SUPPLIED INFORMATION
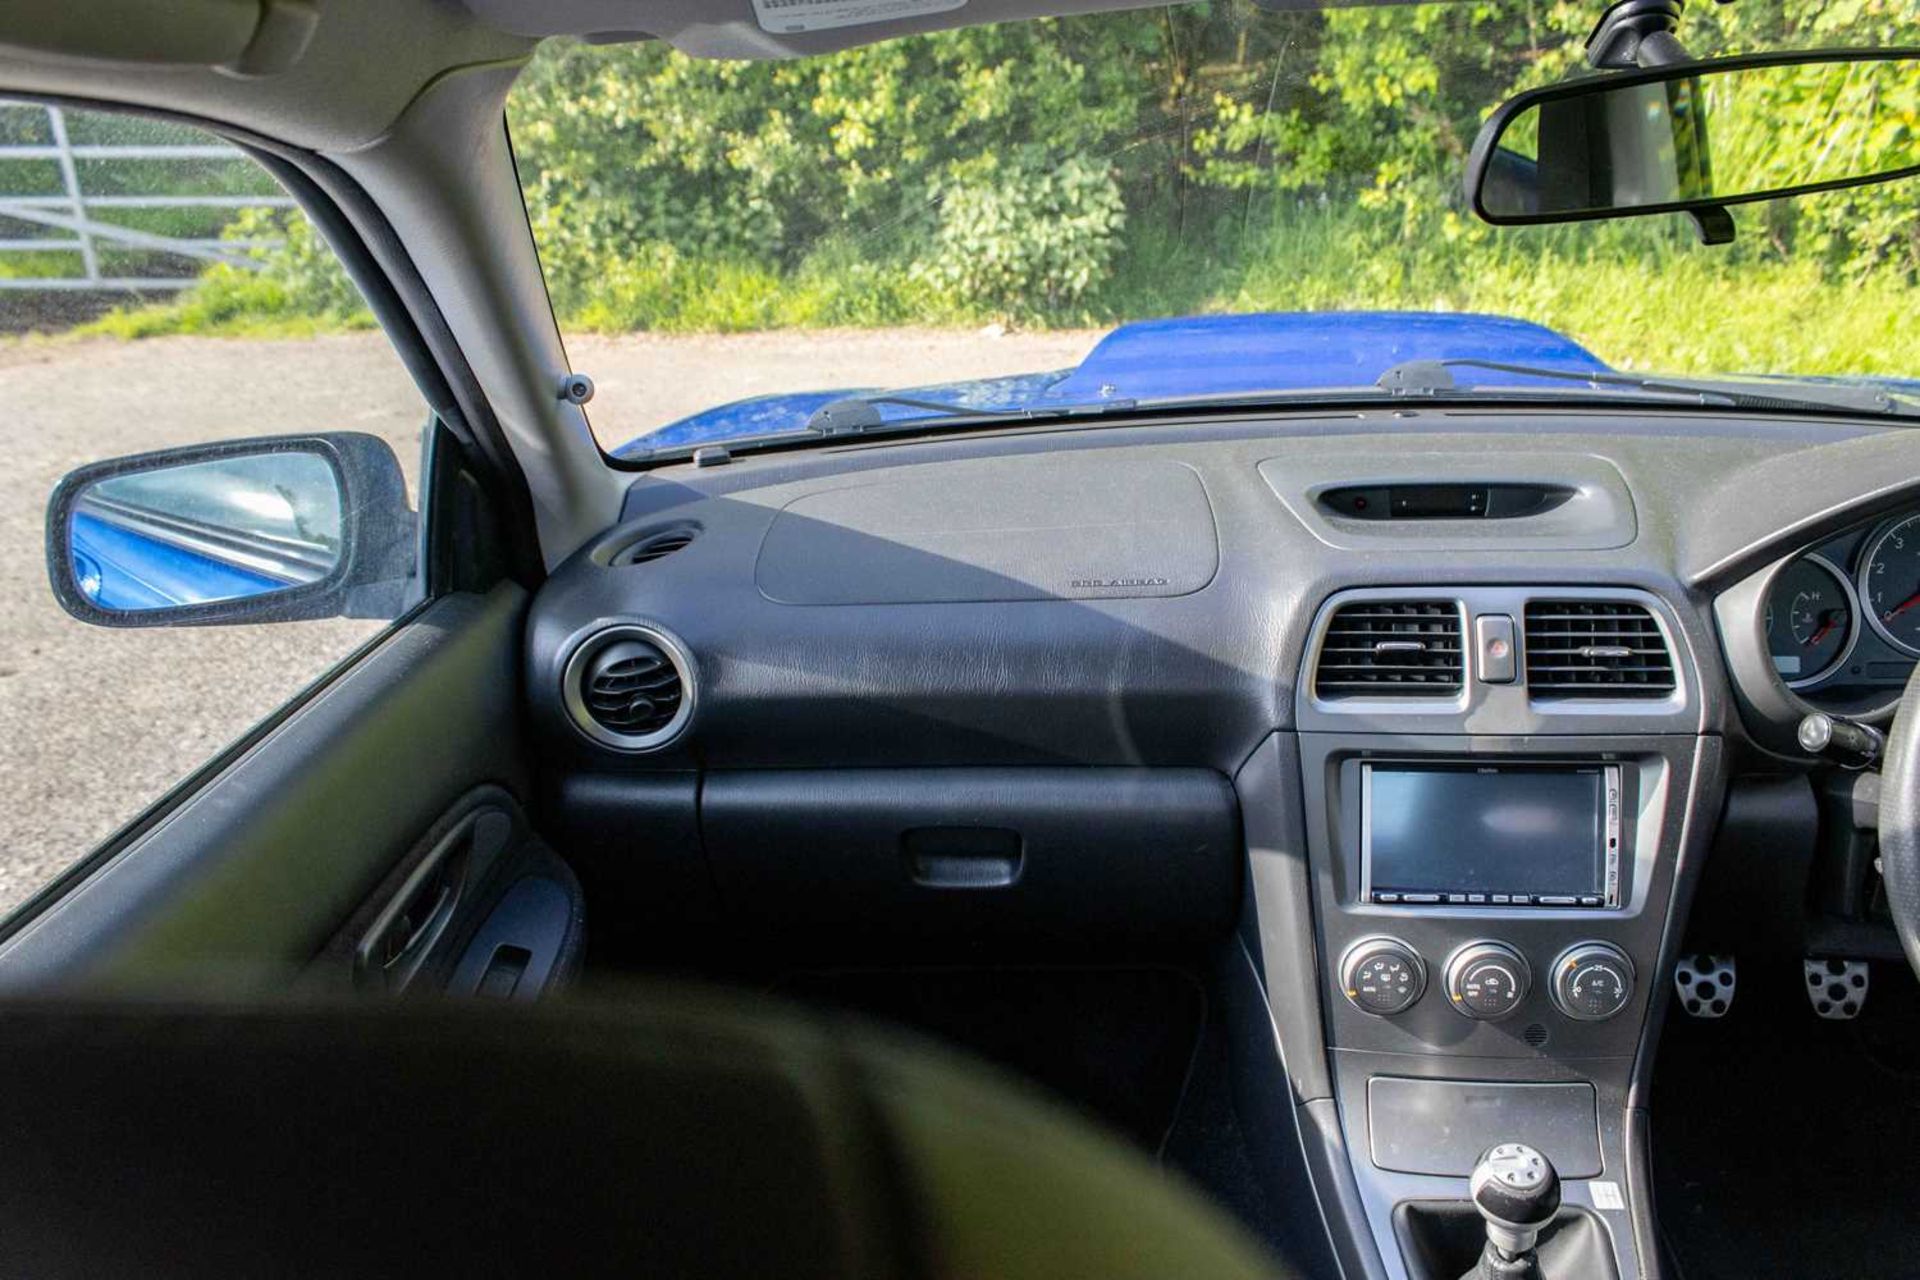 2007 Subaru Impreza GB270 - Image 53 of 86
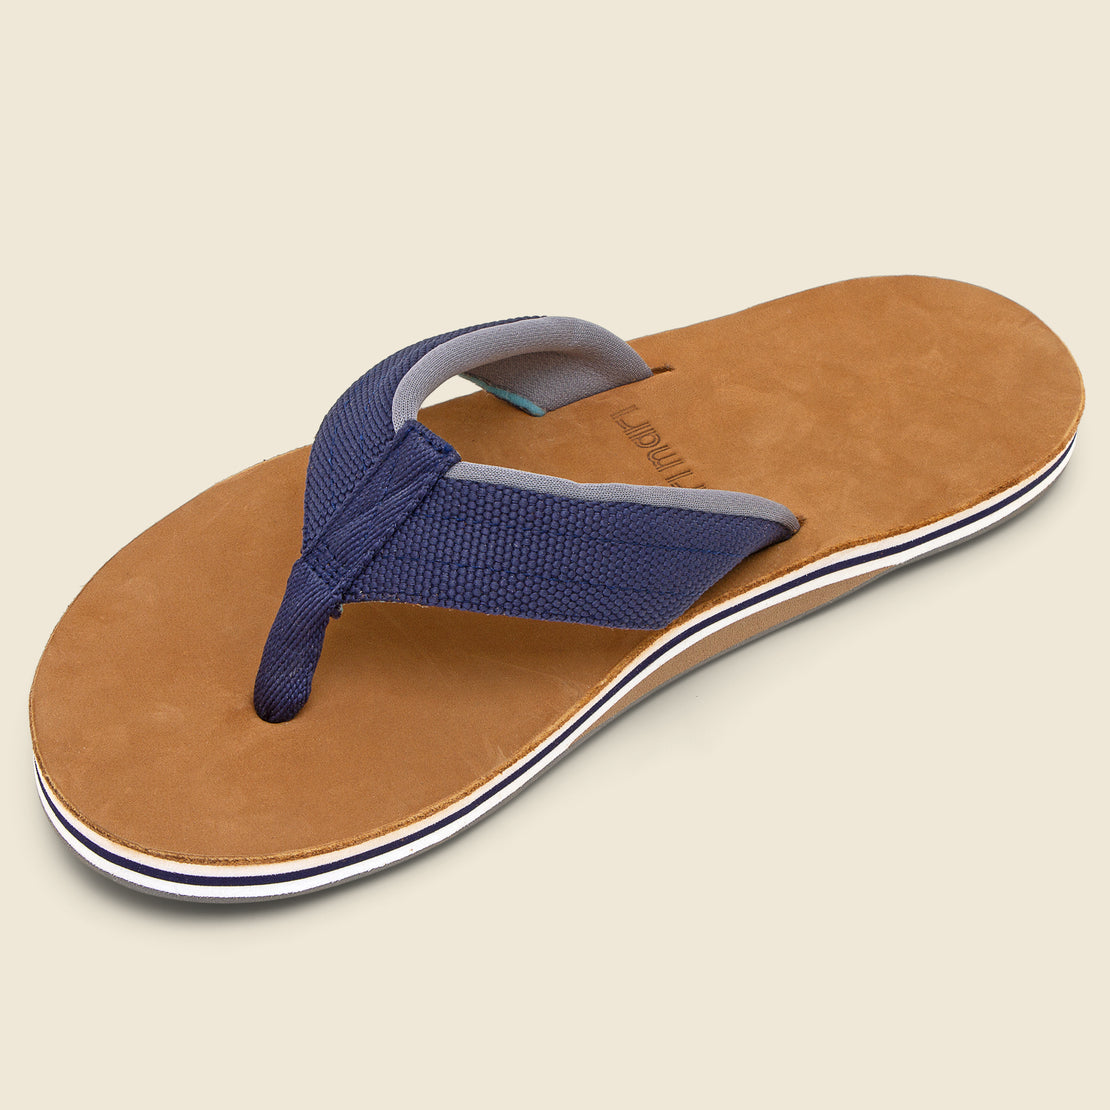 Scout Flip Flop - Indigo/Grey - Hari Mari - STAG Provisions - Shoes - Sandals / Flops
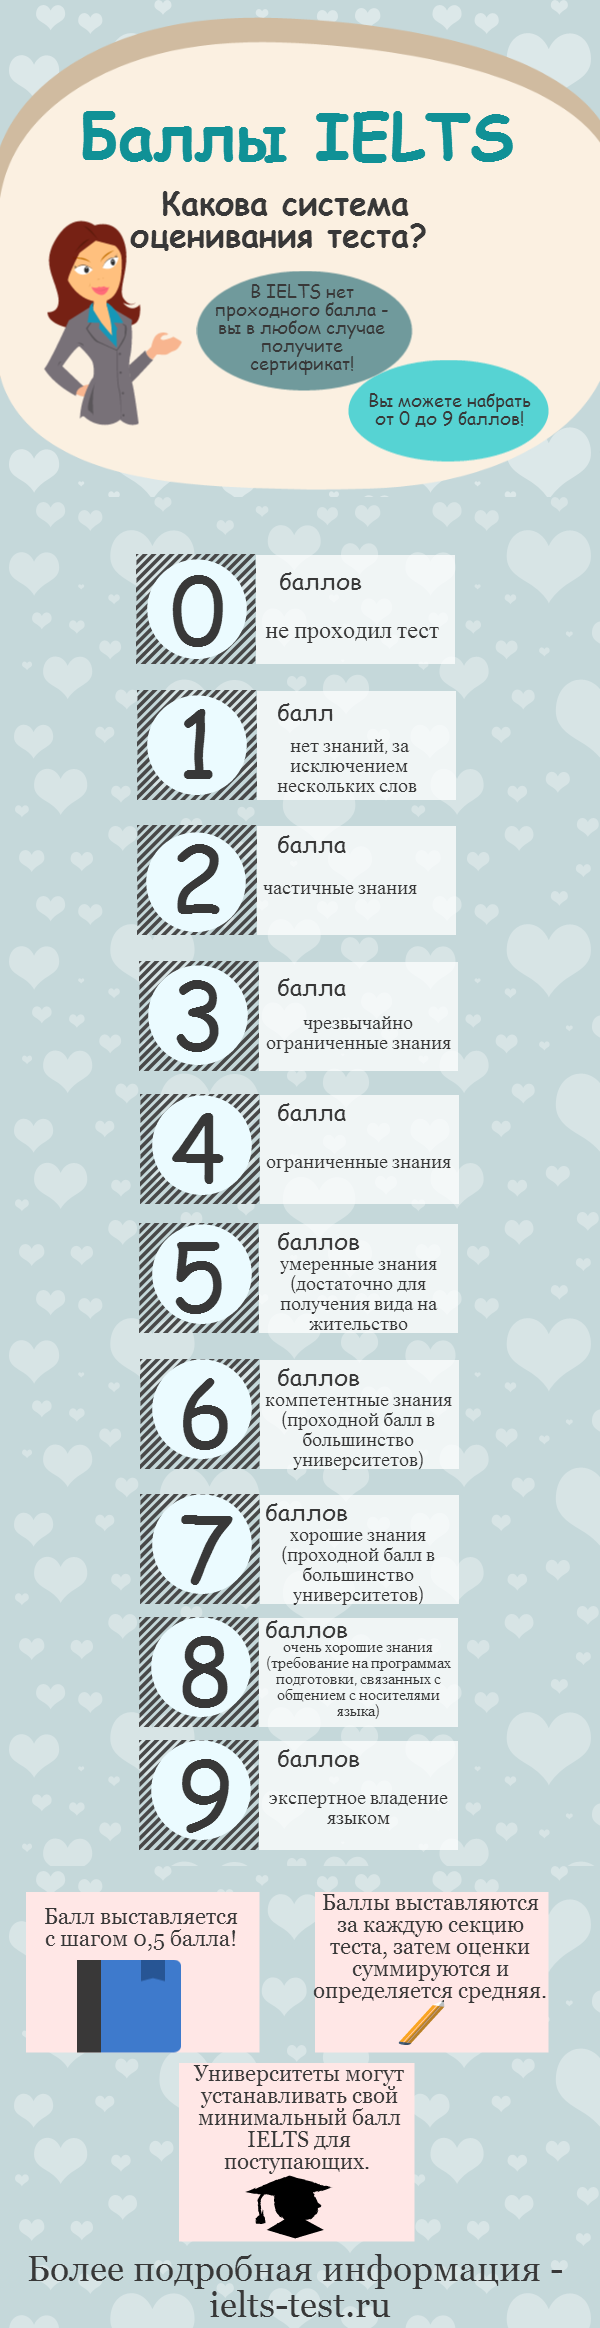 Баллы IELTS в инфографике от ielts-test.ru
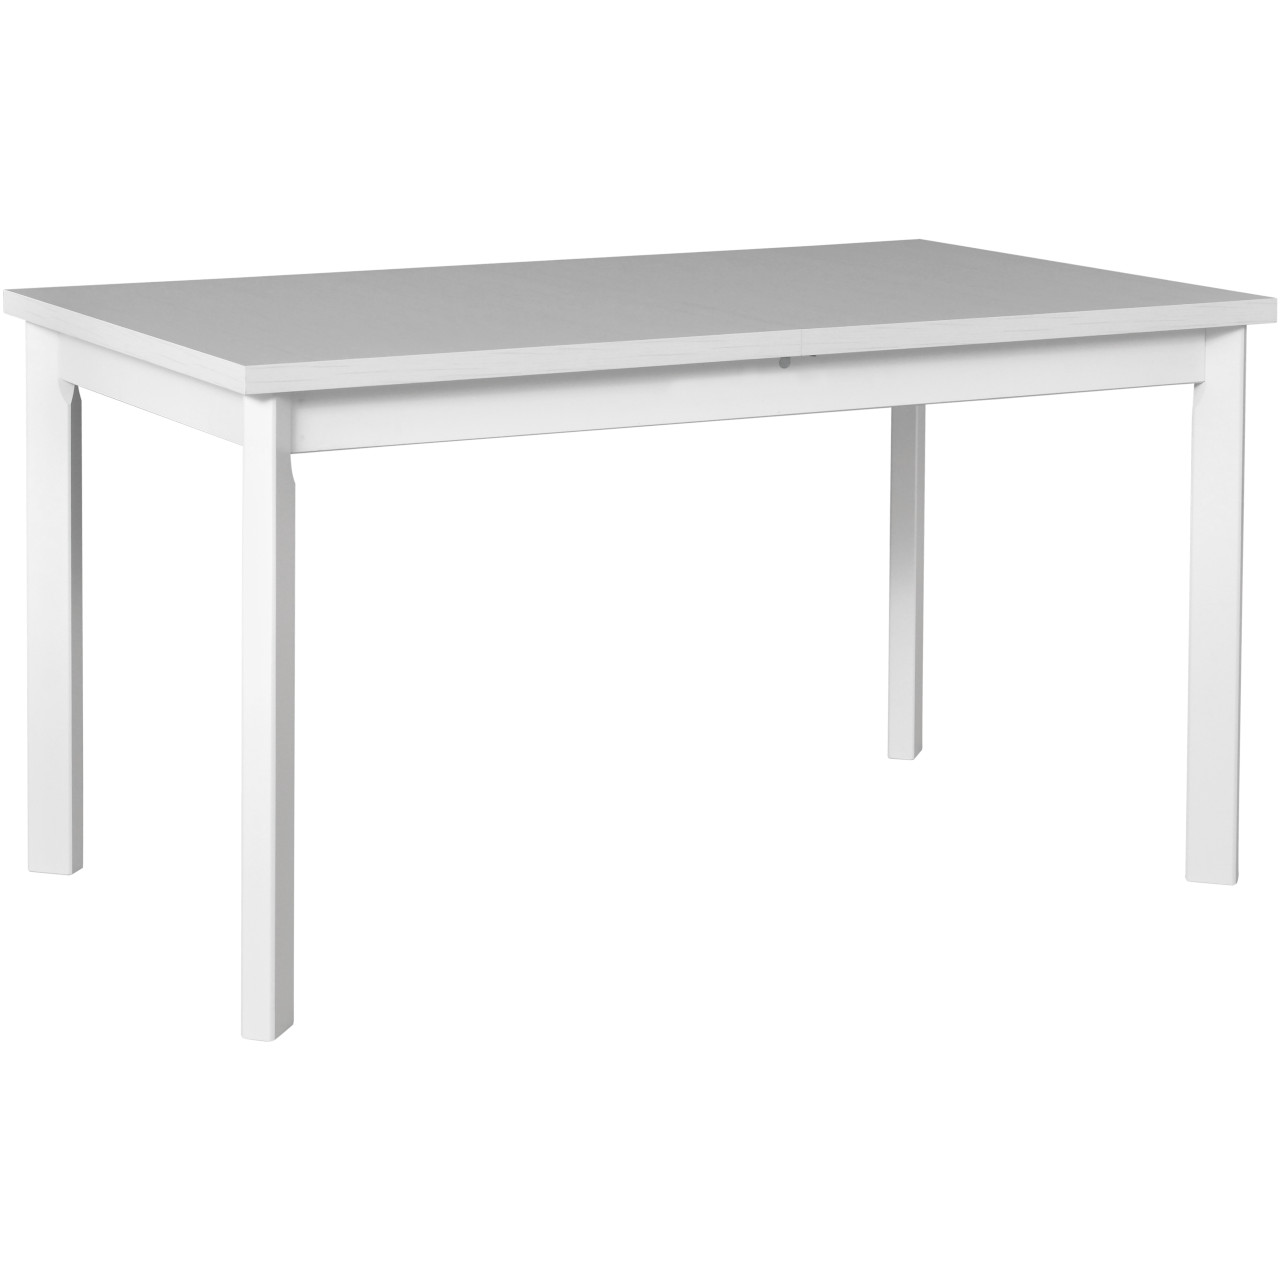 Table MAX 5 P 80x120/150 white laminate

INSTRUCTIONS TO FOLLOW
Please copy exactly the lines from the one that contains "Баллы IELTS в инфографике от ielts-test.ru" through the last line of the listing above, leaving out the pictures.

SOLUTION TO THIS TASK
 Баллы IELTS в инфографике от ielts-test.ru
 Table MAX 5 P 80x120/150 white laminate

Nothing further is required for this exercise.